In Nomine in China


Superiors’ Words in China

This is a list of the Words of the Archangels and Demon Princes in Chinese – Mandarin to be specific, I think, though I’m not 100% certain on all of them. Where connotations are radically different from Western translations I have made a few notes. Also, if using these, bear in mind that subtle inflections not easily transmissible in this character set can change meanings, sometimes drastically. Names are given with diacritics and then without, for those whose readers don’t translate them properly.

Angel: tiān shǐ (”tian shi”), envoy of Heaven

Archangel: gao tiān shǐ. noble angel

God: shén (shen). This refers to the God, a God of a monotheist religion.

Demon: è mó (e mo), or just mó; è makes this a bad demon. However, there are an incredible array of names for various kinds of demons in Chinese culture, each referring to different types of spirits.

Demon Prince: jun mo, lit. ruler over demons. “Prince” is less suitable for an egomaniac in China – it is more explicitly “child of king,” or “son of king”. Princess is worse: the characters literally mean concubine, or “the ruler’s owned woman”!

Devil: mowang, king of demons. Wang, by the way, is an ideogram of one who connects heaven, humanity, and earth. Just to mention.

Archangels’ Words:

Animals: shòu (shou)

(Construction: I think “Name, Angel of Word” would be “Word Angel Name,” so the Archangel of Animals would be shòu gao tiān shǐ Zhao Di, or Xia Di (transliterations of a similar-sounding name, meaning “assembling upon Earth” or “descends to Earth,” Earth being the world.)

Creation: now this one is interesting. There’s wàn huà (wan hua), which literally means “making (nothing) into everything,” creation ex nihilo. But hua connotes a transformation from something previously existing! (Chinese myth has primal chaos.) Instead, chuàng zuò (chuang zuo) is making or beginning, an act of production – but even this comes from the notion of a cut or break with what went before. In Chinese, form requires formlessness or boundary to set it off. Eli’s Word is probably more the former, and would include the ongoing, self-renewing processes of all creation as well as the First Making.

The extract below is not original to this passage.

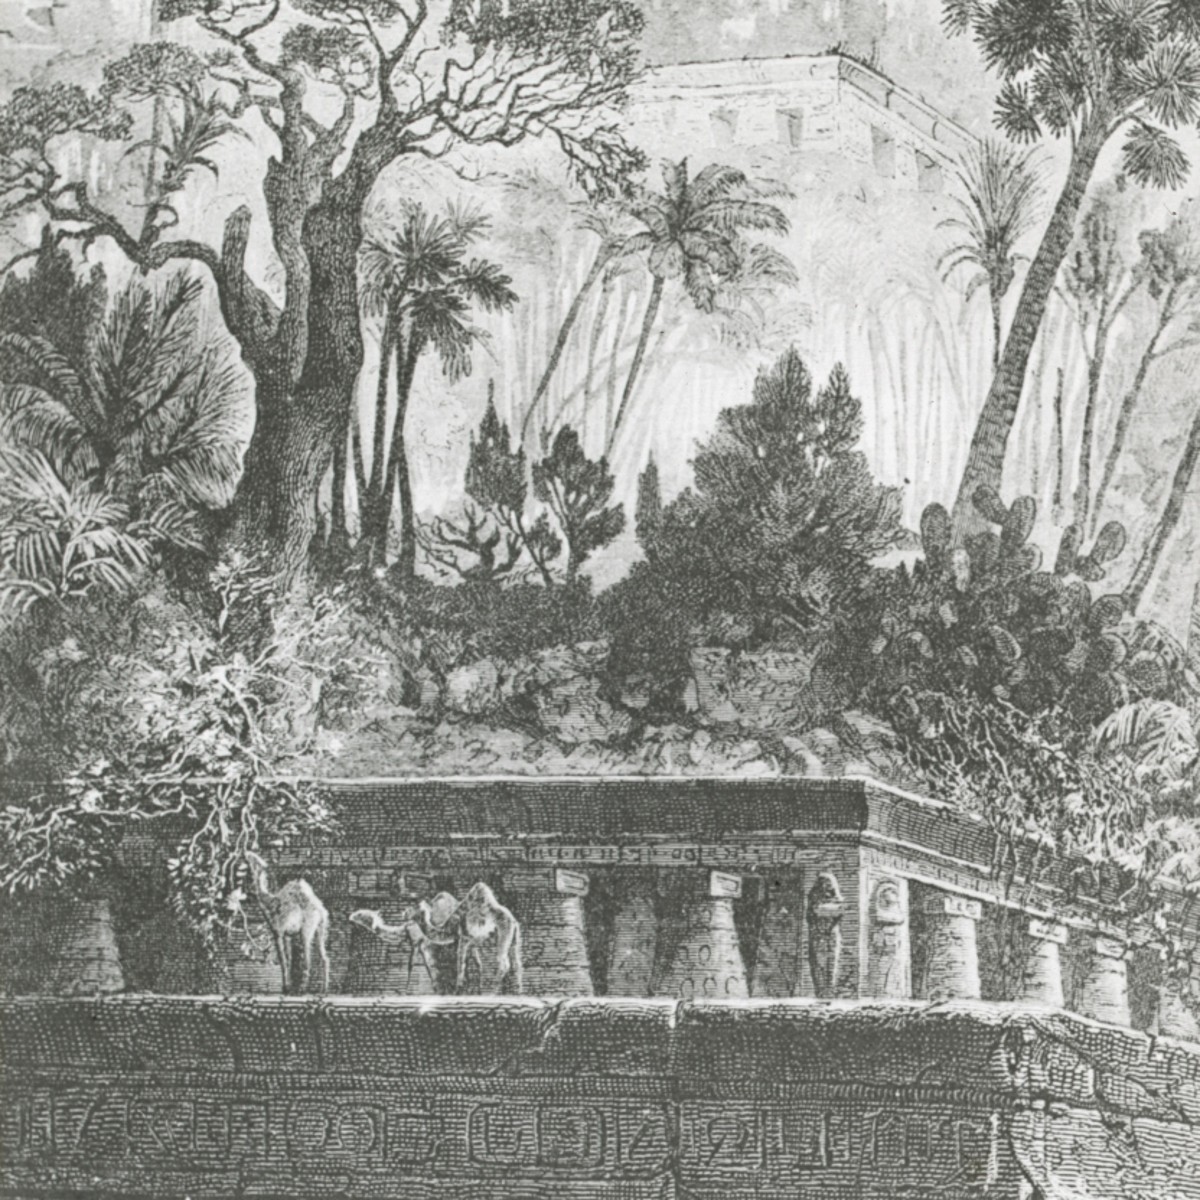 Hanging Gardens of Babylon (engraved depiction)
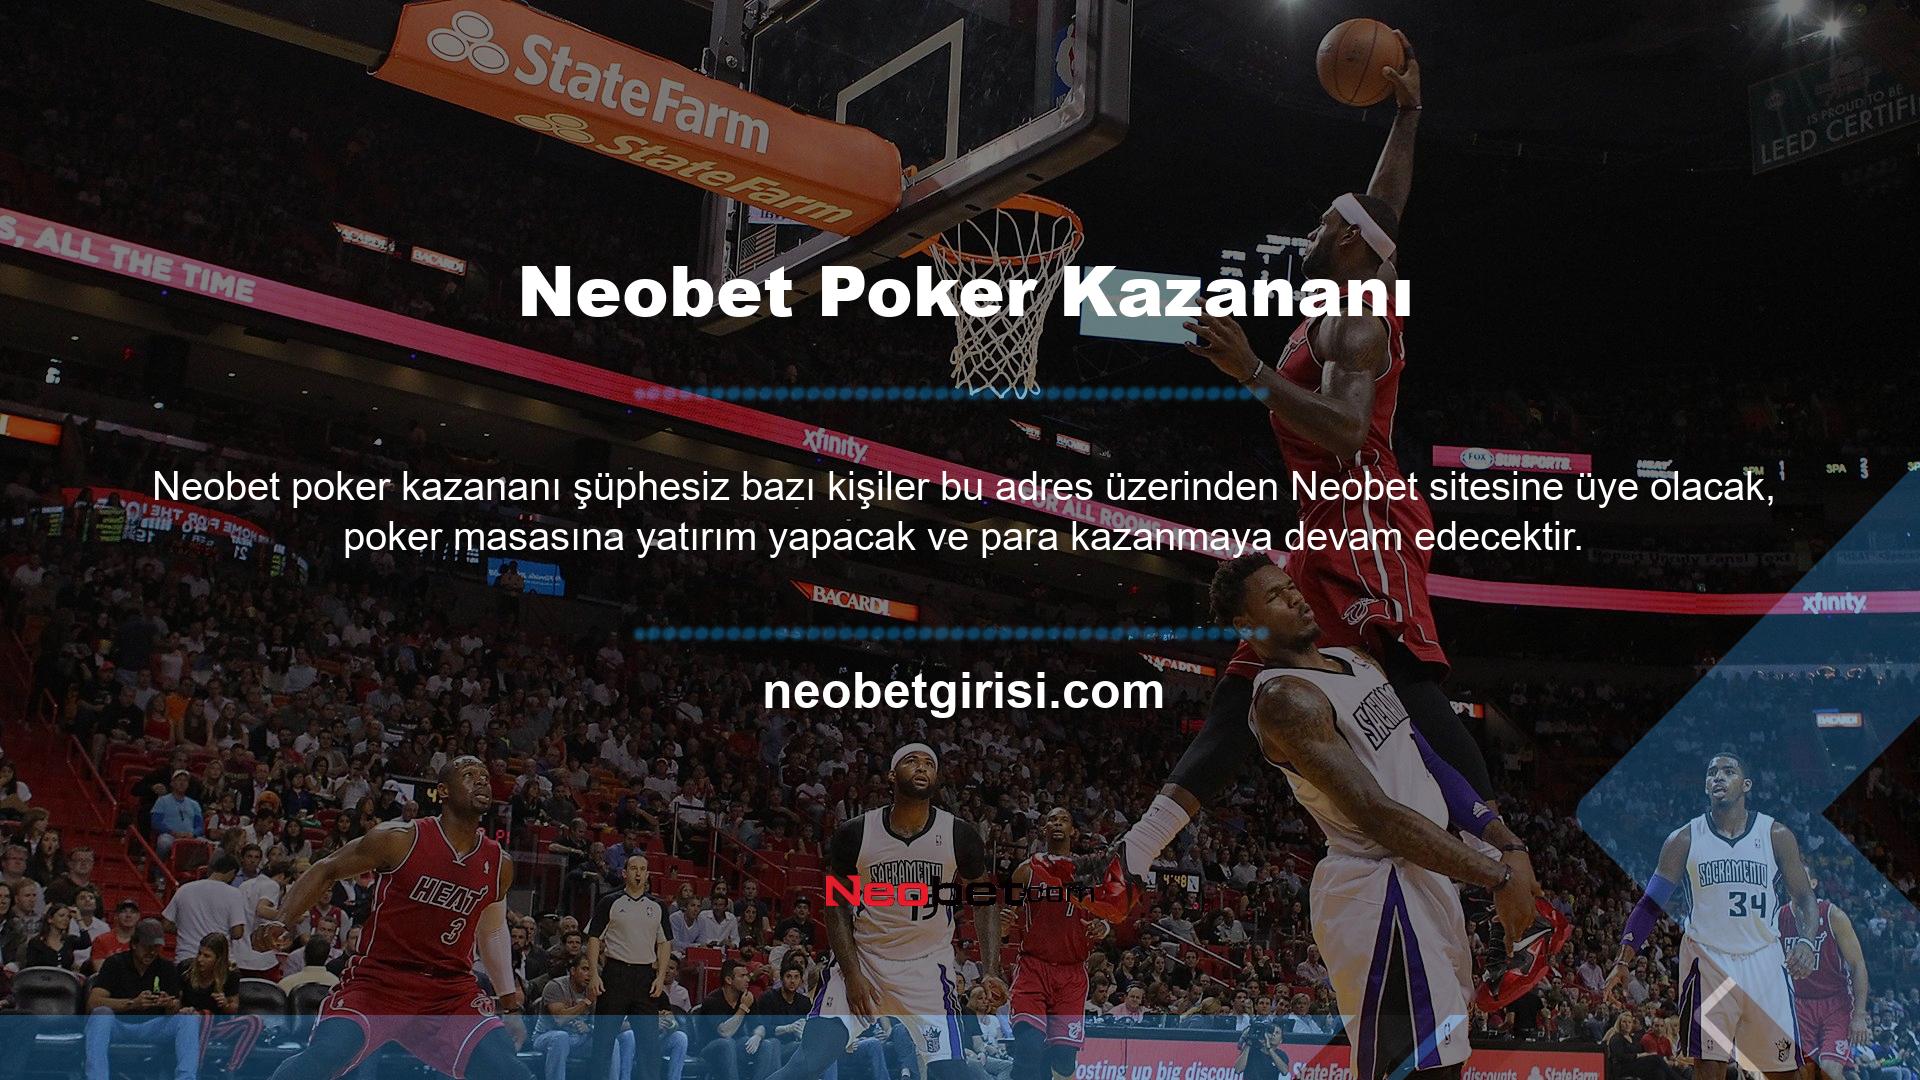 Şanslı Neobet Poker Neobet Poker kazananları sitenin ana sayfasında duyurulacaktır

Destiny: yuán fèn (yuan fen), or sú yuán (su yuan). Literally, following a thread, or the threads of a man’s life on Earth. Both specifically invoke the image of threads, but the fen character invokes the image of dividing with a knife (indeed, the same “knife” root that is seen in dao or jian, the basic character of Laurence’s Word!). Thus, Destiny requires certain threads laid out before you, but intimately involves choice.

Dreams: mèng (meng)

Fire: huǒ (huo). Extremely elemental, and a radical used for many words. Wind and water get used for a lot of them, too.

Flowers: huā (hua). Recall the discussion of its more elemental nature in China.

Judgment: pàn (pan)

Lightning: diàn (dian). More commonly “electricity” in translation – shan dian is a lightning flash – but dian’s character is, indeed, a stroke extending from a raincloud.

Stone: shí (shi). (Observe the difference in inflection between shǐ (envoy), shí (stone), si (four), and sǐ (death).) As has been discussed before, while this is considered an elemental Word in Western systems it is merely natural in the Chinese version. Instead, rǎng (rang: earth, soil) would be the related element. Which one is the more accurate translation of David’s Word will say something, in your game, about his nature.

The Sword: jiàn (jian). Laurence might very much appreciate the Buddhist notion of huì jiàn, “the sword of wisdom which cuts through the illusions of the material world”. Connect, for example, to the Christian image of the Word of God as a sword.

Trade: shang. Not only does this character mean business or commerce, it also is built up out of roots referring to discussion, and means to discuss or literally to trade or exchange. Marc’s Word in China probably involves a lot of extended relationship-building and intricate social maneuvering, just the way the Mercurian likes it.

War: zhàn or zhàng are both probably decent translations.

Wind: fēng (feng). As in feng shui, the way of wind and water. Like Stone, not elemental in the Chinese system, merely natural.

Demon Princes:

Dark Humor: fēng qù (fengqu) is wit or humor, hēi fēng qù (hei fengqu) would be dark humor.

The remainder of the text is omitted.